> [Your goal]: Write out an exact copy of the line containing "407ffab5fc6 ... Under" and all lines that follow it in the data below, leaving out pictures.

> [Collected material]:

:::

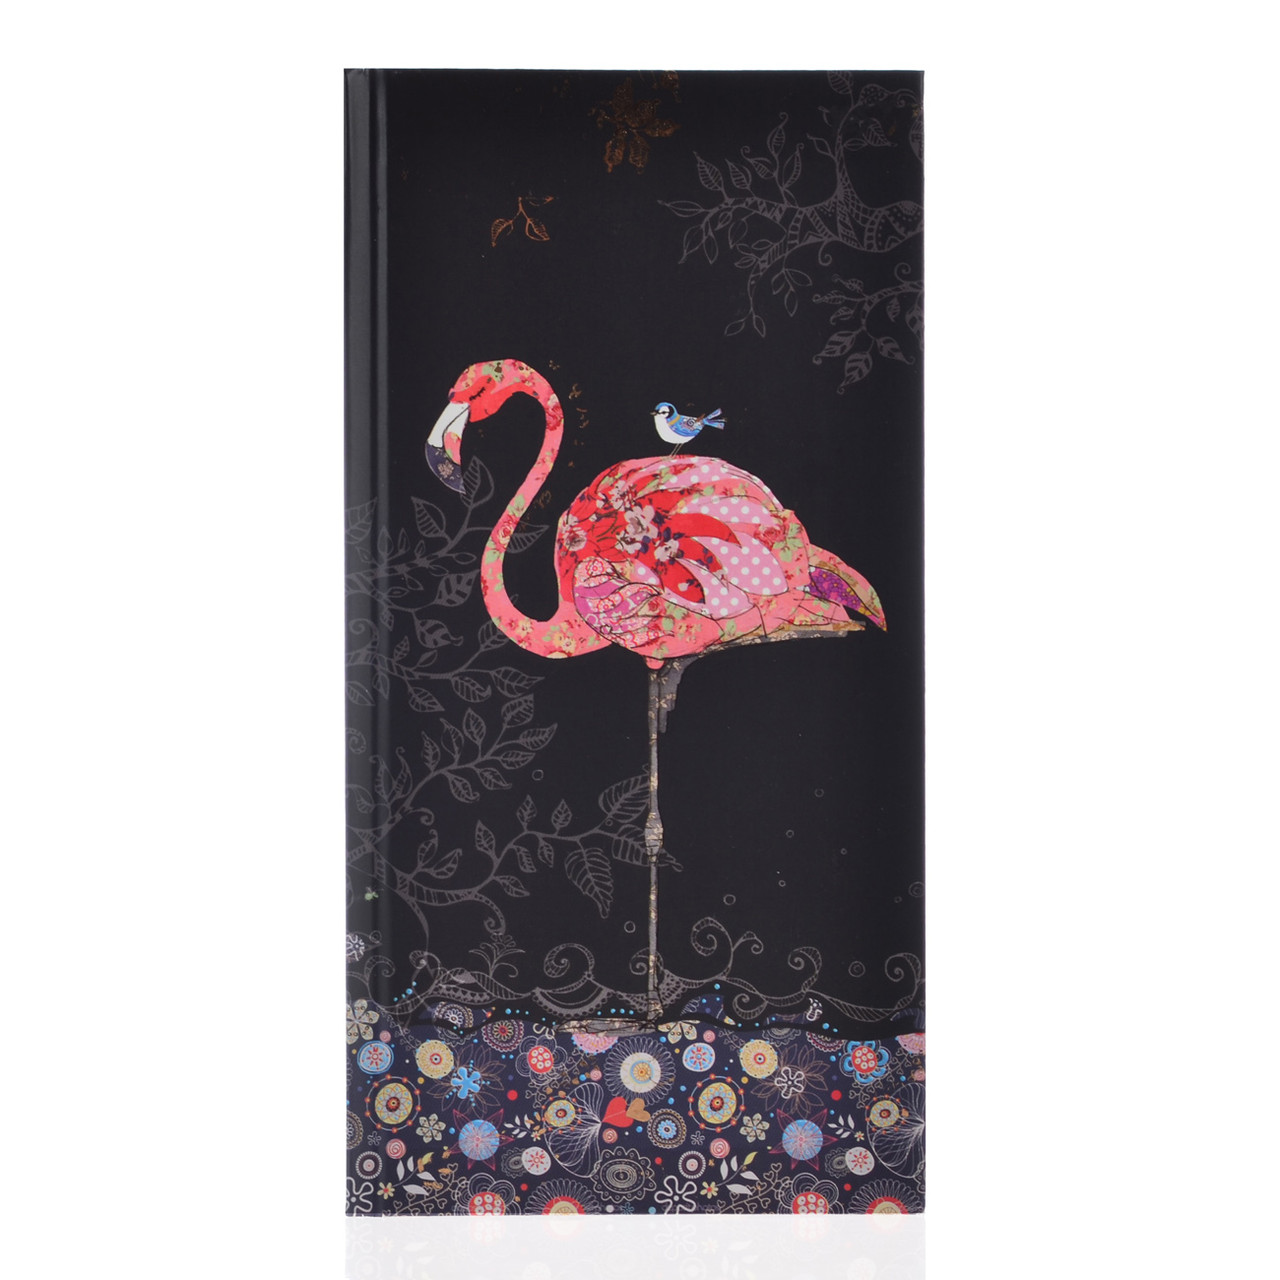 "Блокнот 100*200/64 КЛ. интег., фольга золото+Уф.выб. ""BugArt. Black flamingo"" YES"
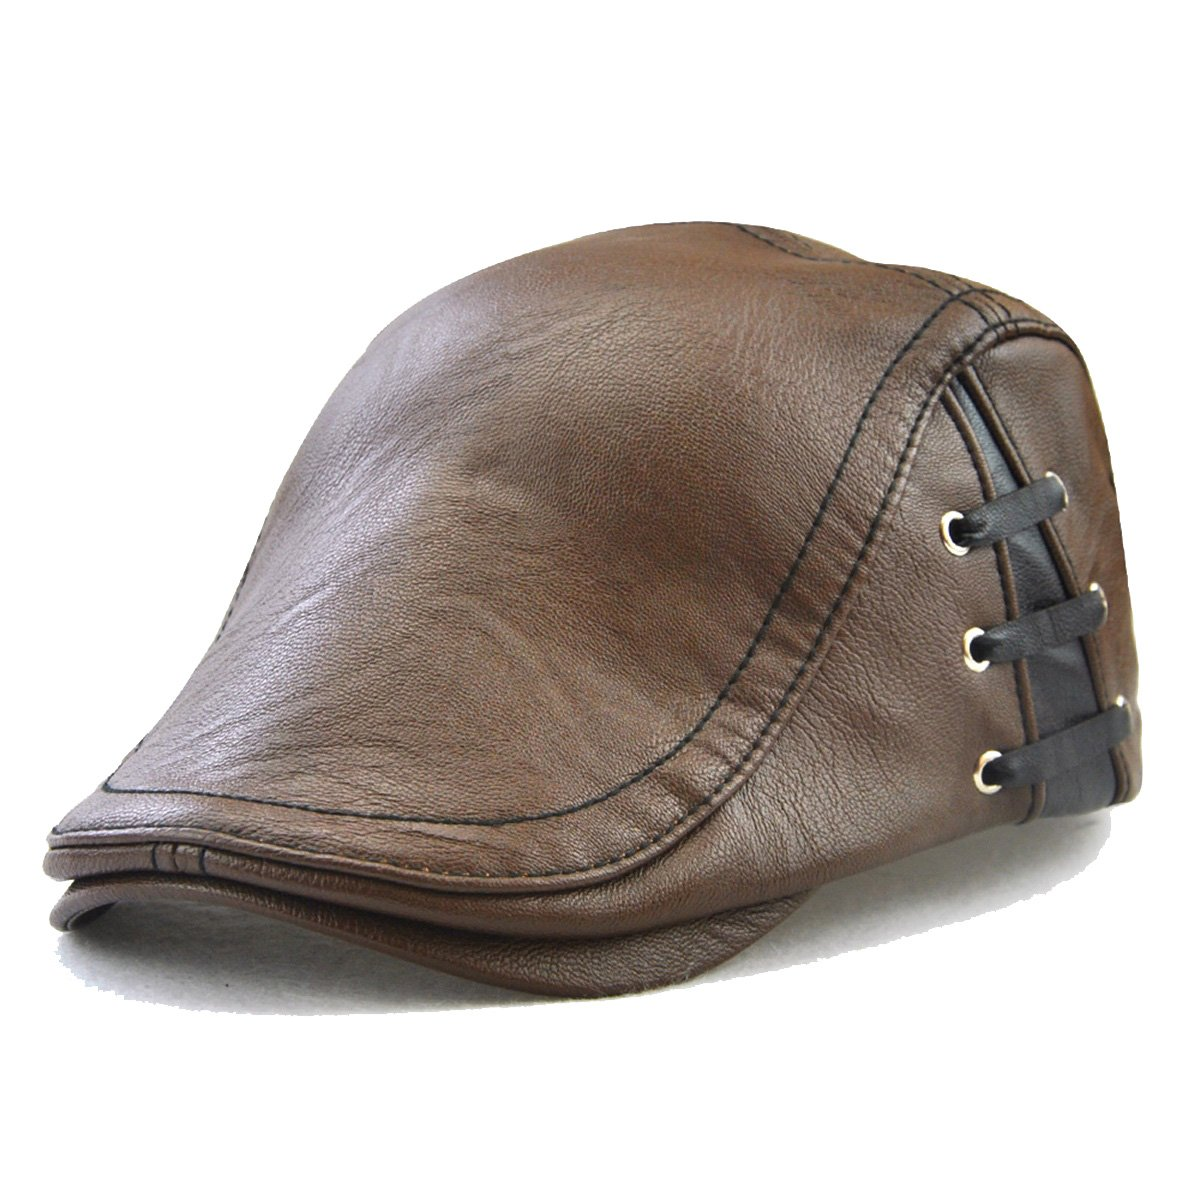 407ffab5fc6 ... Under Armour Accessories 1299899 · FayTop Unisex Outdoor Baseball Hat  Cap Adjustable Snapback Cap Hunting Cap for Men Women V61B039-
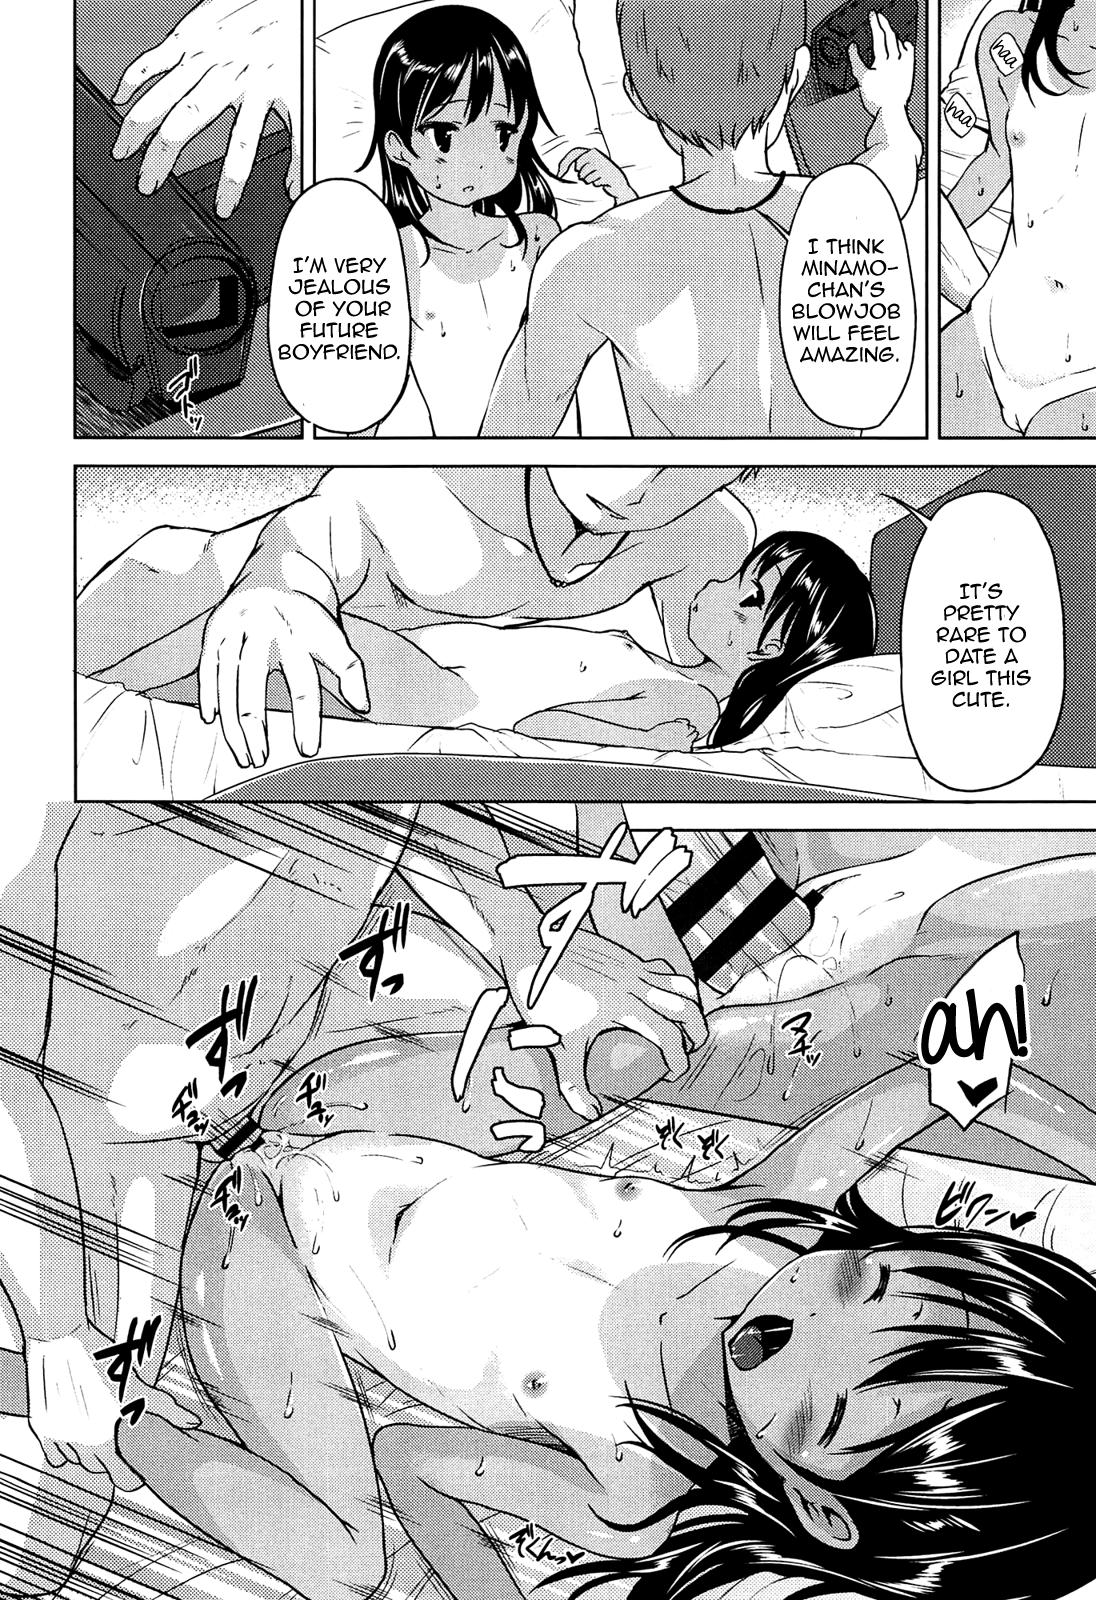 [Misao.] Hajimete Janai yo?   It's not Your First Time? [English] {5 a.m.} + [Rin] 178

:::

> [Response box]:
 407ffab5fc6 ... Under Armour Accessories 1299899 · FayTop Unisex Outdoor Baseball Hat  Cap Adjustable Snapback Cap Hunting Cap for Men Women V61B039-
 [Misao.] Hajimete Janai yo?   It's not Your First Time? [English] {5 a.m.} + [Rin] 178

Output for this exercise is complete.